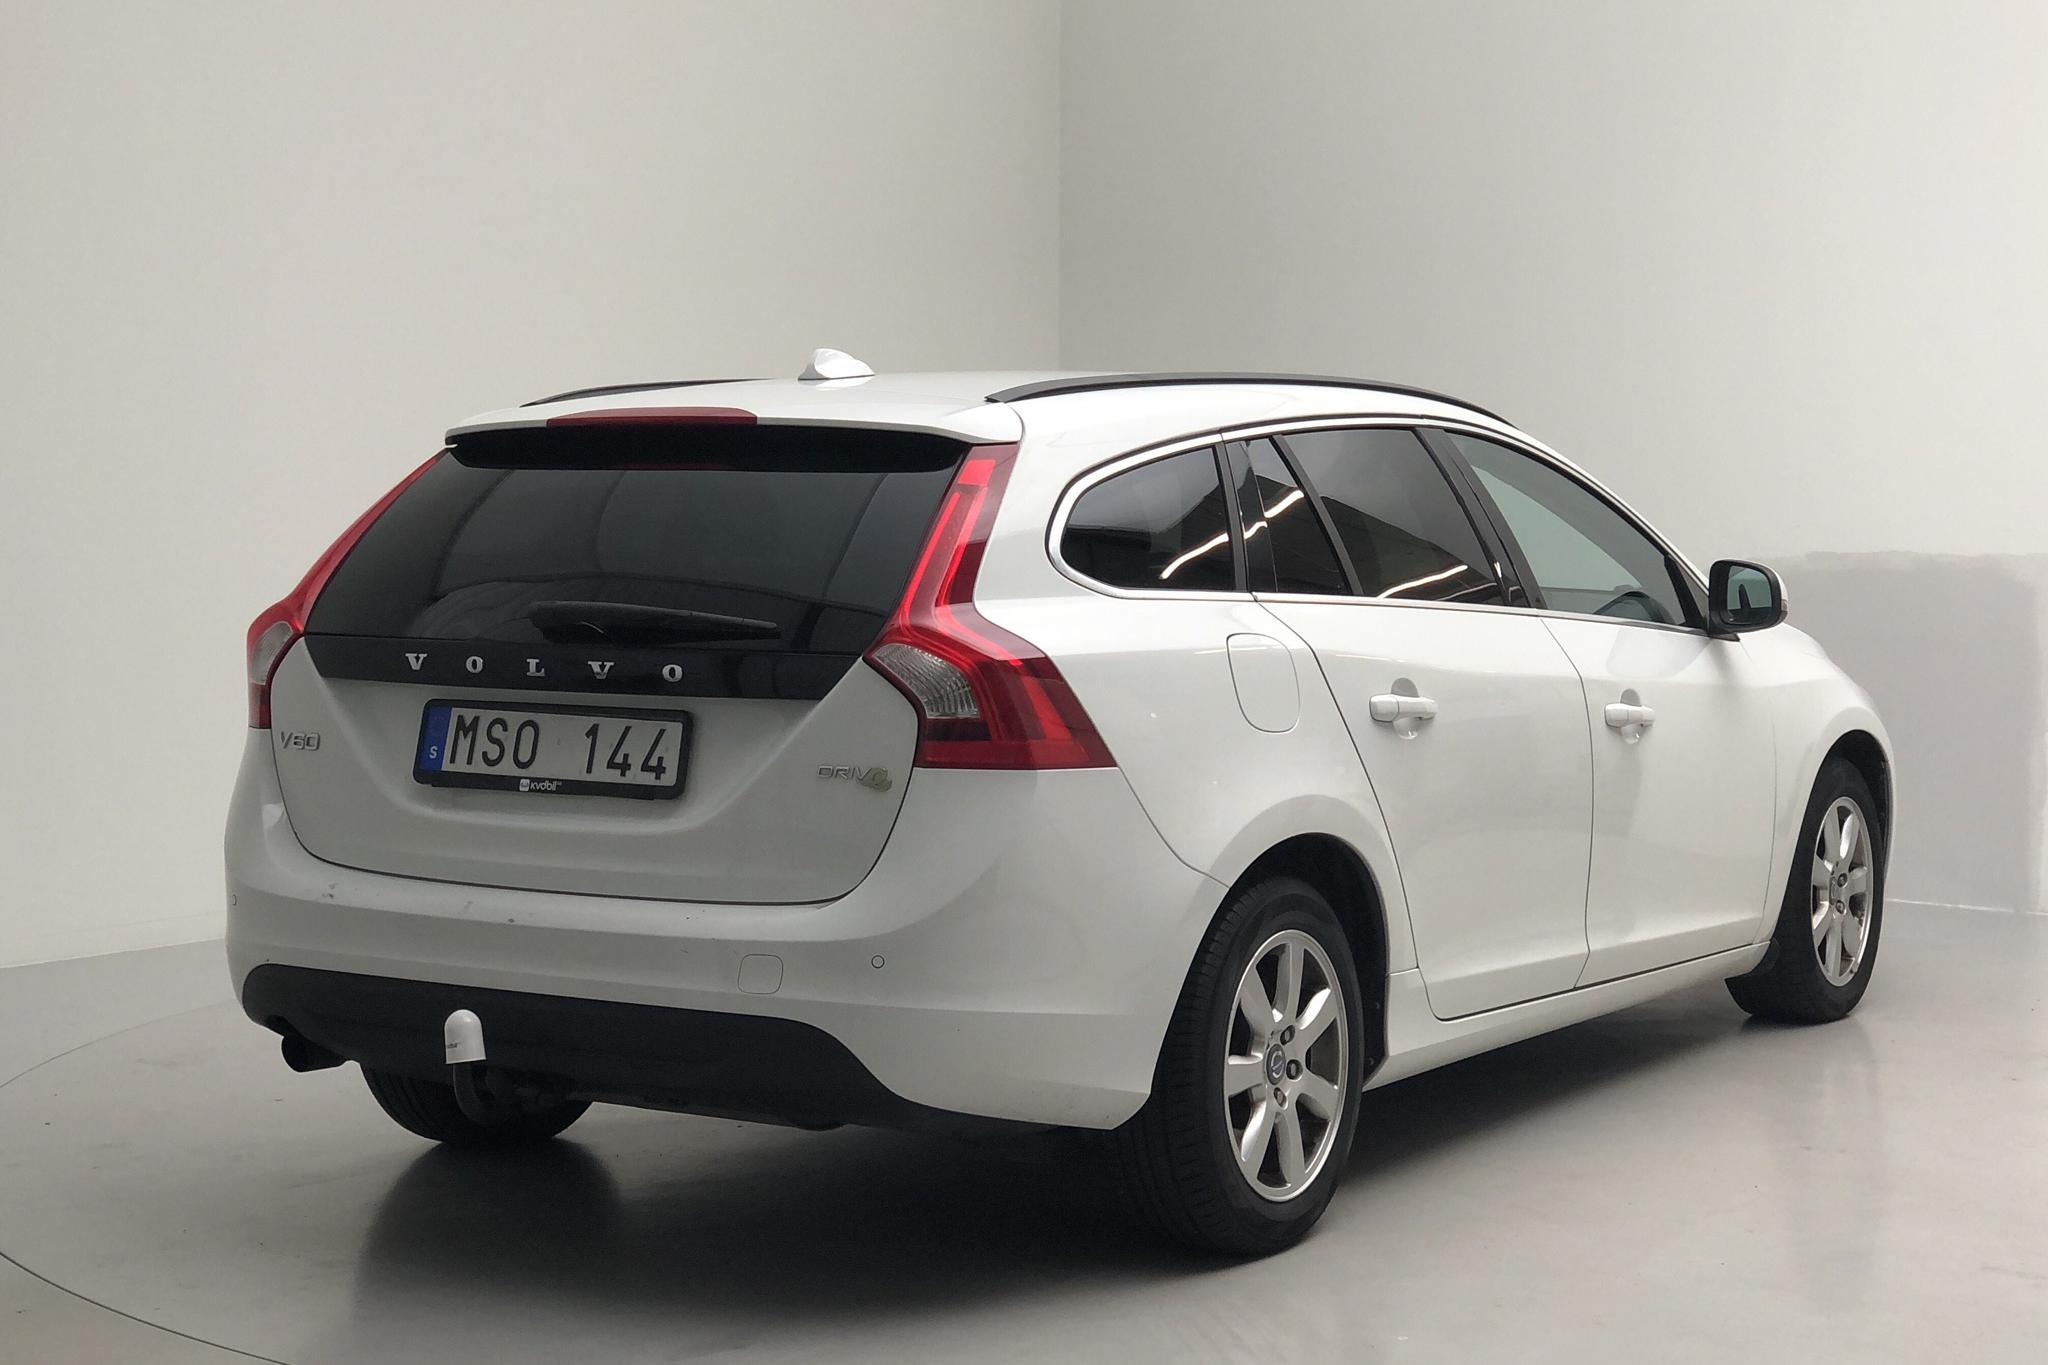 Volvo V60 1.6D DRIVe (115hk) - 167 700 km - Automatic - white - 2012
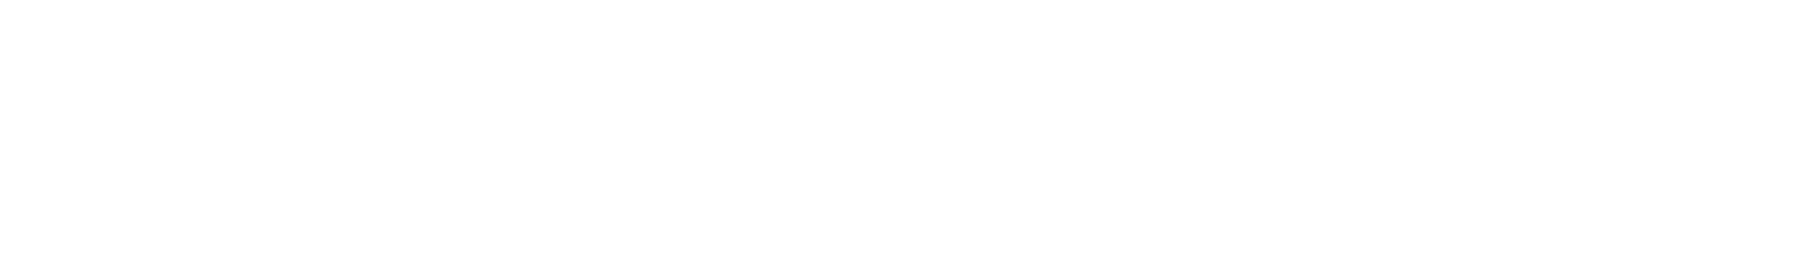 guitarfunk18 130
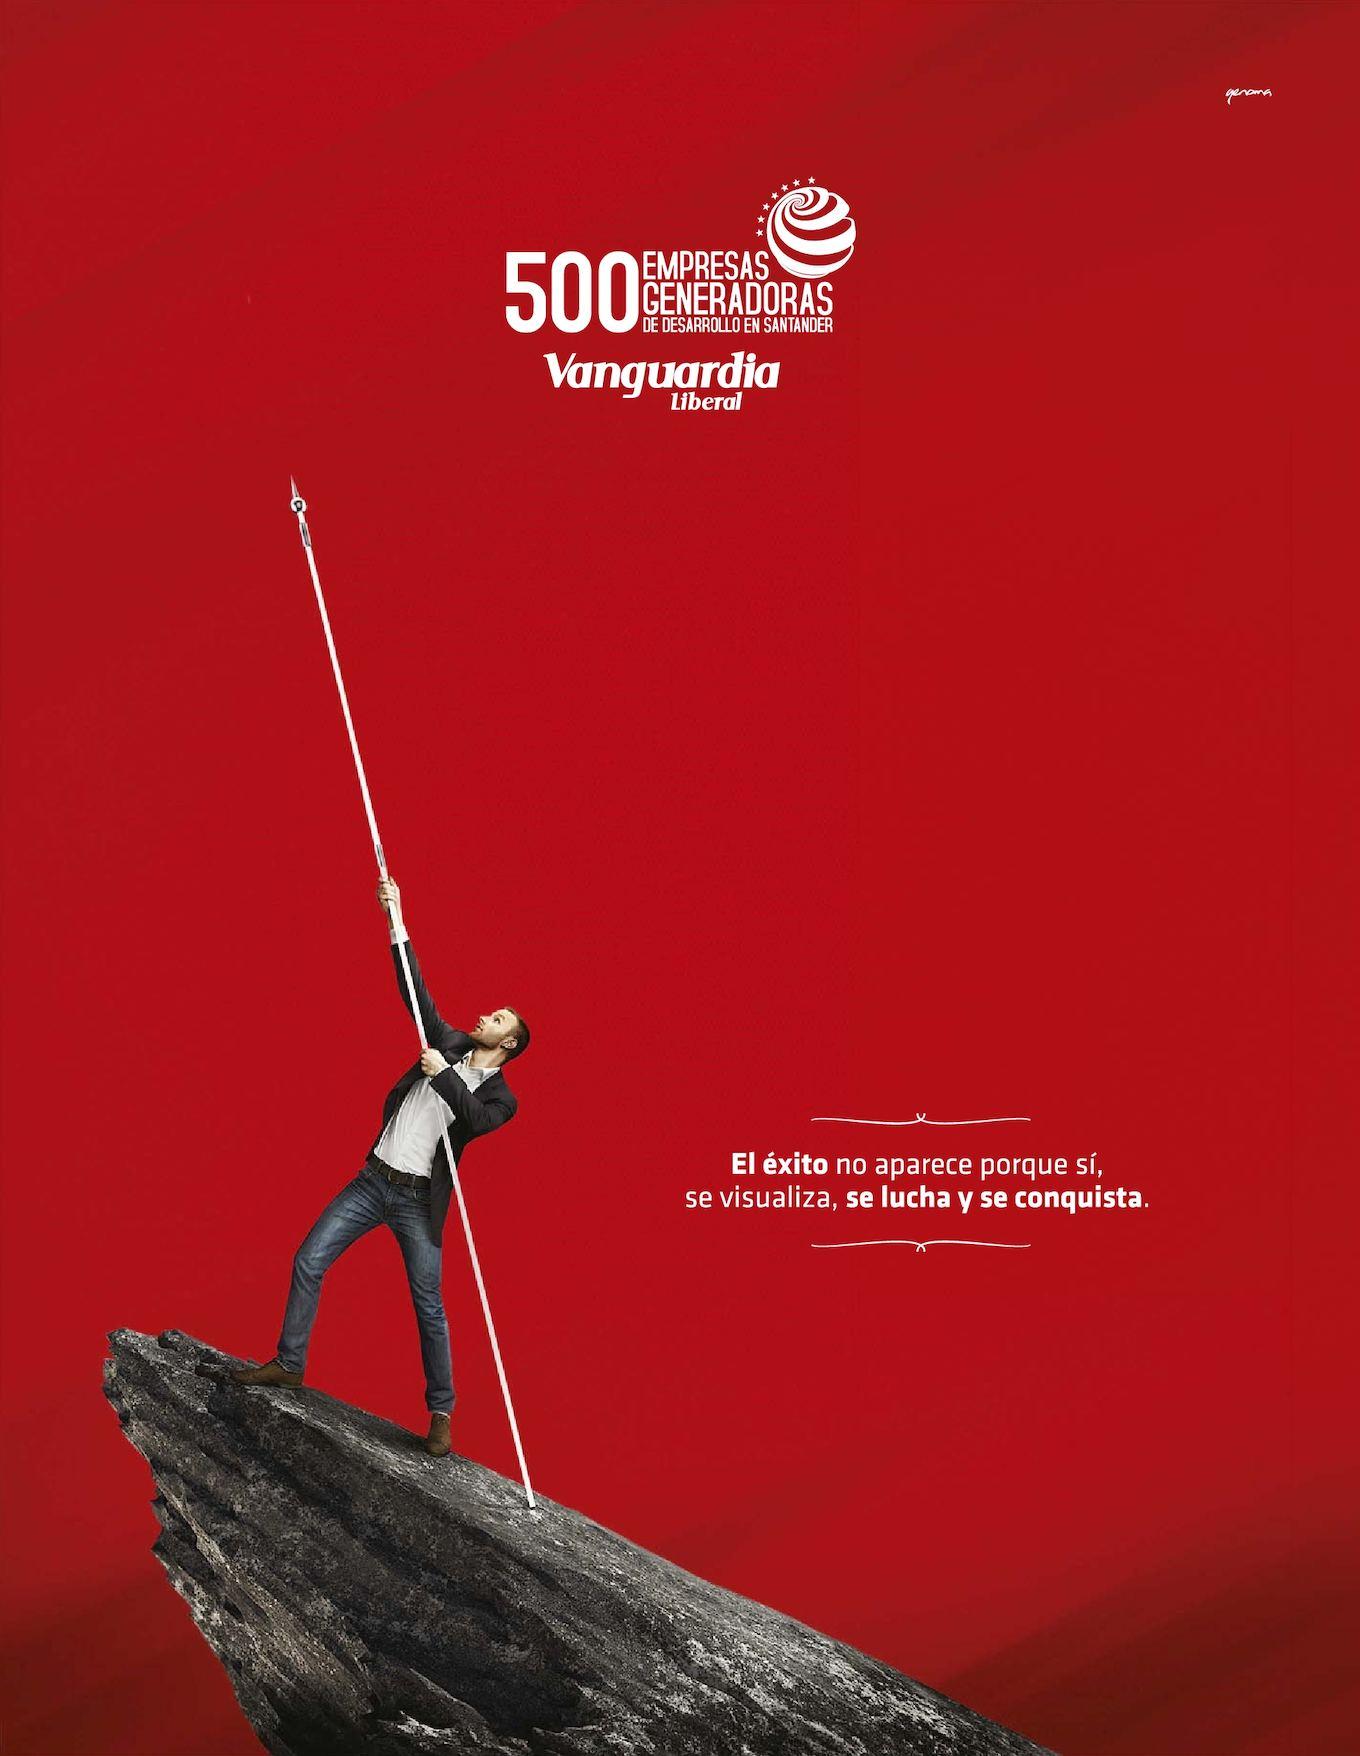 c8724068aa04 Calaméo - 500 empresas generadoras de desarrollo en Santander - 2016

■ **DIRECTIONS**
Your task is to reproduce all of the material exactly. The pictures stay out.

■ **TASK SOLUTION**
 Volvo V60 1.6D DRIVe (115hk) - 167 700 km - Automatic - white - 2012
 guitarfunk18 130
 c8724068aa04 Calaméo - 500 empresas generadoras de desarrollo en Santander - 2016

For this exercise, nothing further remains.